3.  The Holy Spirit has emotions.  This passage in John does not teach that the Holy Spirit has emotions, but others do, including Isaiah 63:10 (the rebelled and grieved His Holy Spirit), Ephesians 4:30 (do not grieve the Holy Spirit) and Hebrews 10:29 (insulting/outraging the Spirit).

4.  The Holy Spirit is capable of relationships.  In John 16:13, Jesus uses the verbs hearing, speaking, guiding and declaring which are all relational.  John 14:17 says "you know him."  The Holy Spirit can be known, not just intellectually, but personnally and relationally.  Interestingly, Jesus does not call the Holy Spirit "it" but "he," a personal pronoun, and describes Him as "another Helper."  In Greek, the word means "another of the same kind."  In Acts, Ananias and Sapphira lie to the Holy Spirit (Acts 5:3-4).  You cannot lie to an impersonal force, but only to a person.
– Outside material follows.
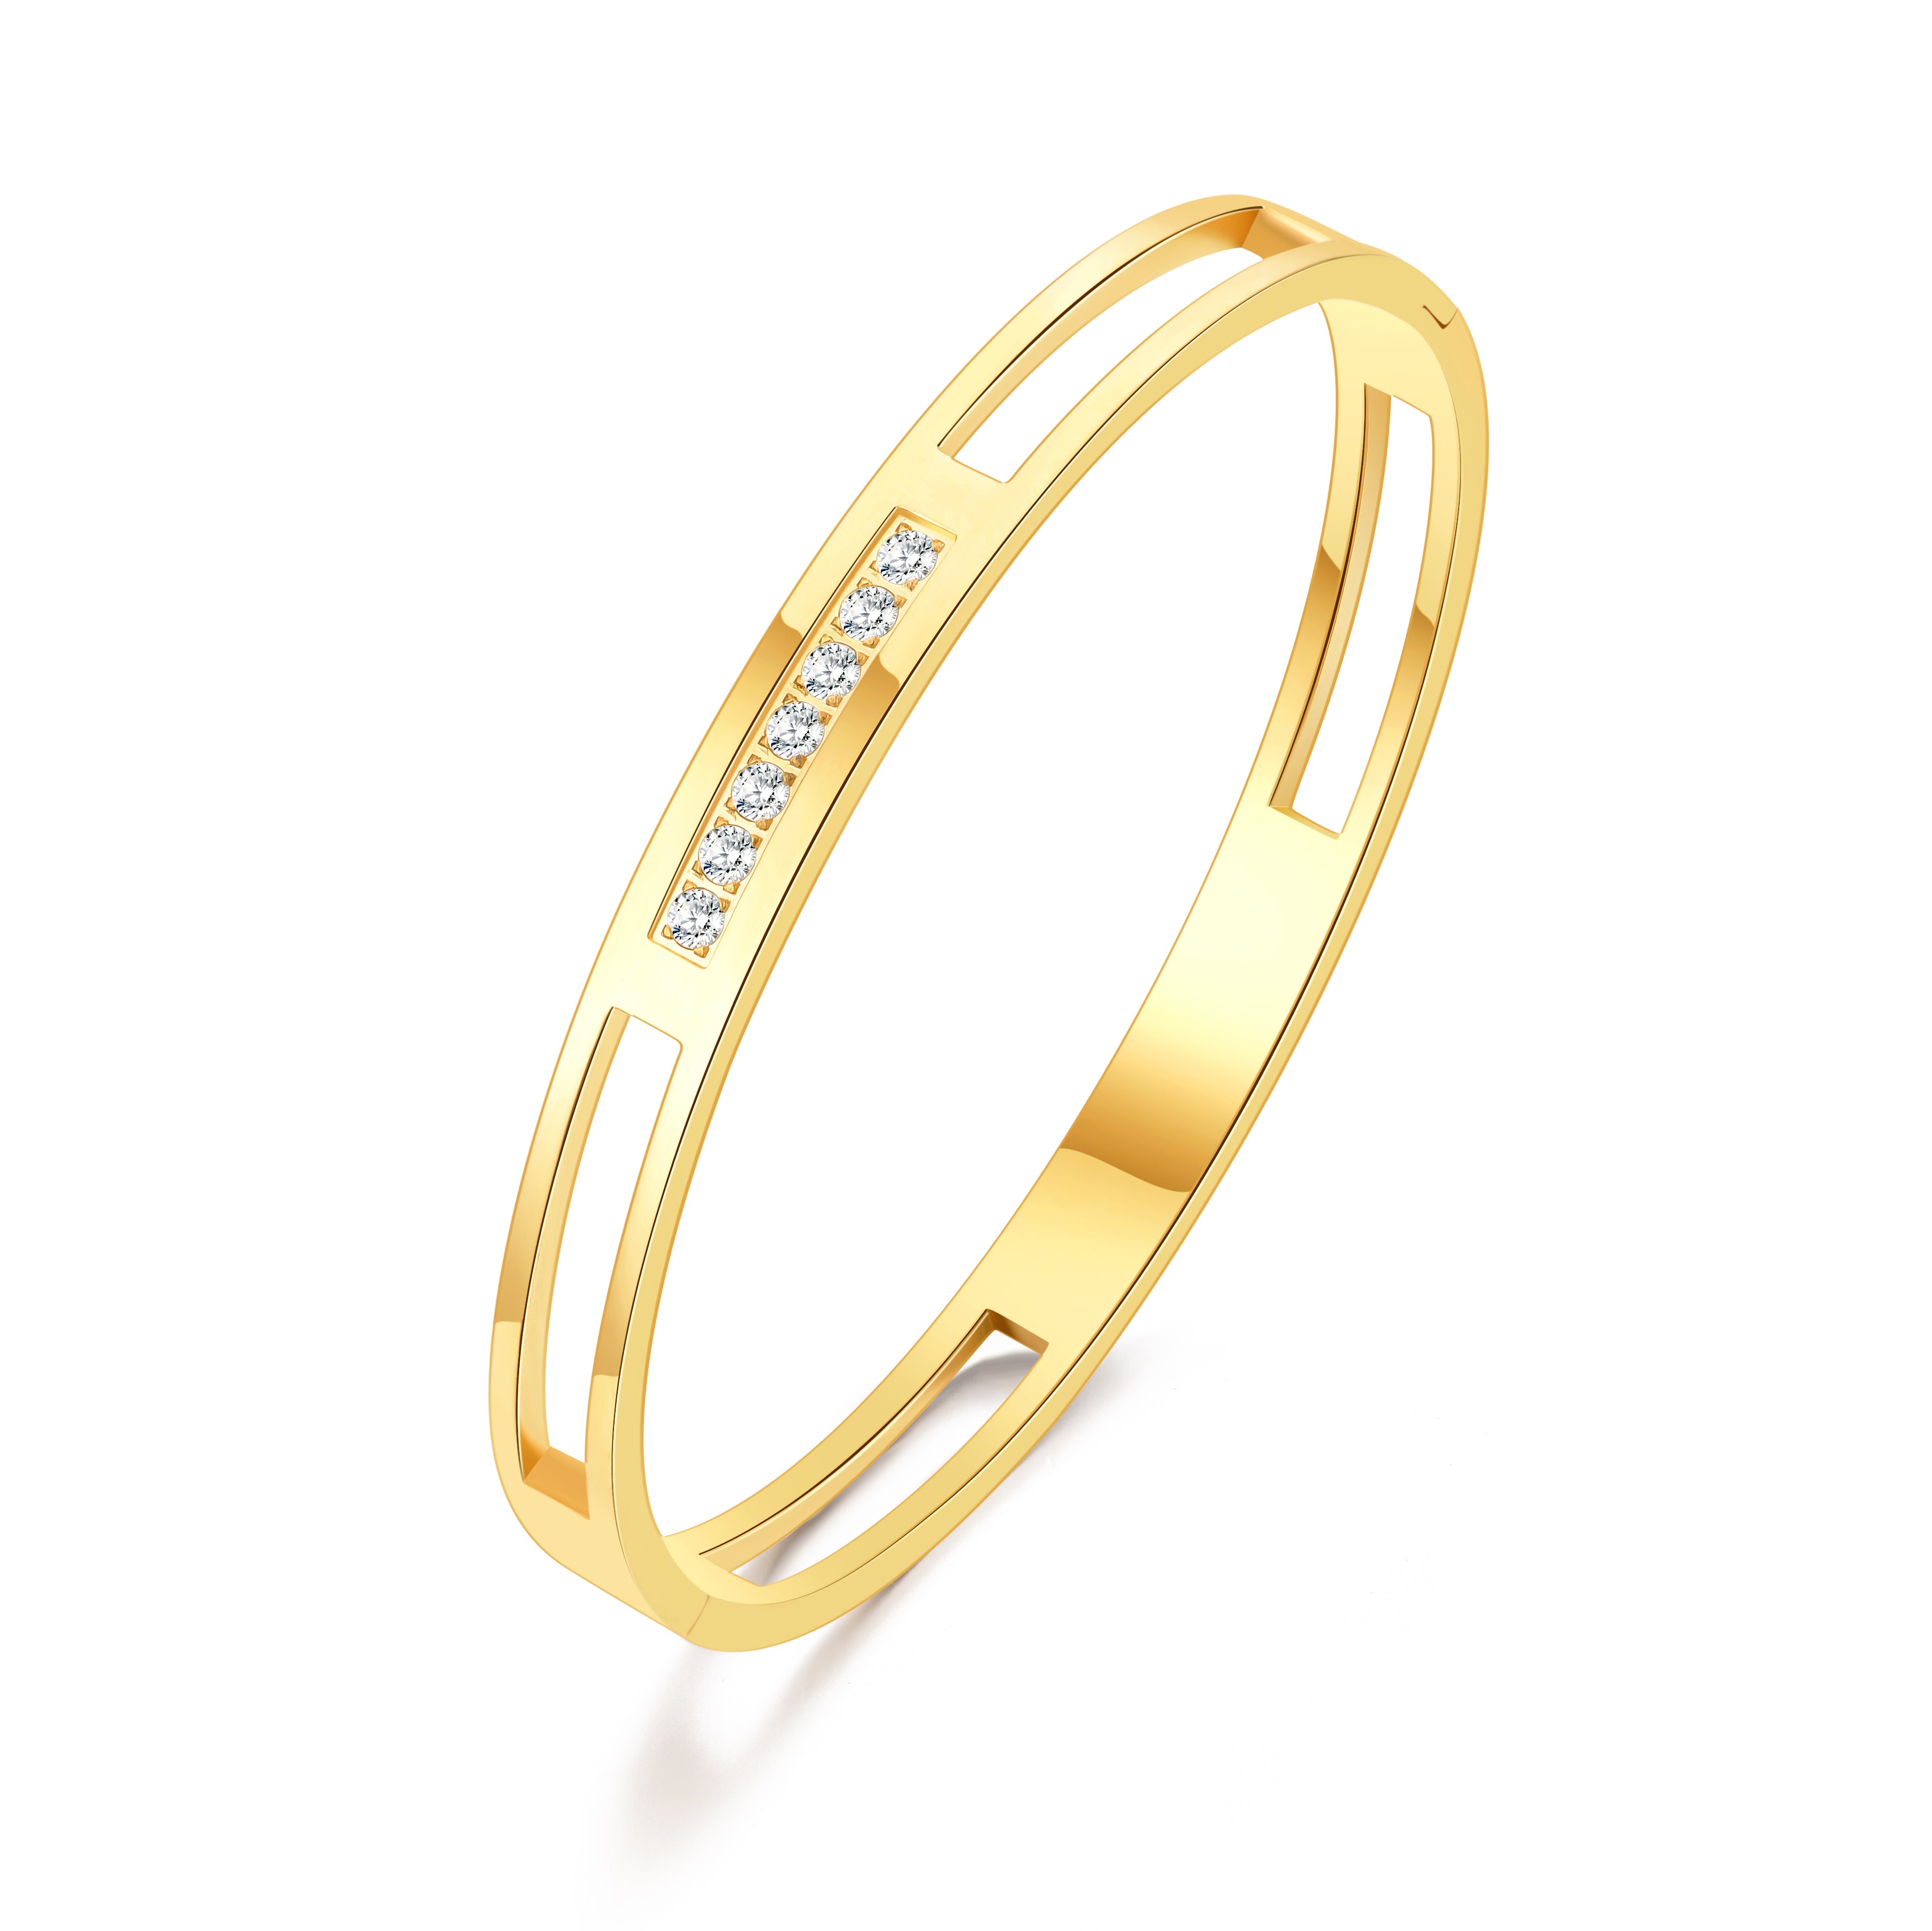 Gold Plated Stainless Steel Channel Bangle Created with Zircondia® Crystals by Philip Jones Jewellery

On a final note, some might say that the Spirit of the Lord is just an extension of Yahweh or another way to refer to His action in the world, like "the arm of the Lord" or "the voice of the Lord."  Is the Holy Spirit distinct from the Father?  Jesus said that He and the Father would send the Holy Spirit to the disciples (John 14:16; 14:25, 16:7).  Can God send Himself?  In Hebrews 3:7, the author writes "as the Holy Spirit says, 'Oh, that today you would listen as he speaks!'"  In context, the "he" is God the Father.  If the Spirit was the Father, how could the Spirit say "listen as he speaks?"  In Romans 8:26-27, Paul teaches that the Holy Spirit intercedes for believers to the Father.  An intercessor is one who comes between two others and pleads the case of one to the other.  Biblically, the Holy Spirit is not an extension or operating mode of God the Father.

So, does the Holy Spirit dwell in believers?  Clearly, as Jesus taught about the Spirit, "you know him, for he dwells with you and will be in you" (John 14:17).  I have demonstrated above that the Holy Spirit is personal, or in theological terms, "a person."  Therefore, the Person of the Holy Spirit can dwell in someone.

I will deal with the Deity of the Holy Spirit, the Deity of Christ and the doctrine of the Trinity in other posts.  Please keep comments on the topic of the personhood of the Holy Spirit or the arguments I made above.  God bless you as you seek to grow in the knowledge of His Glory and Grace!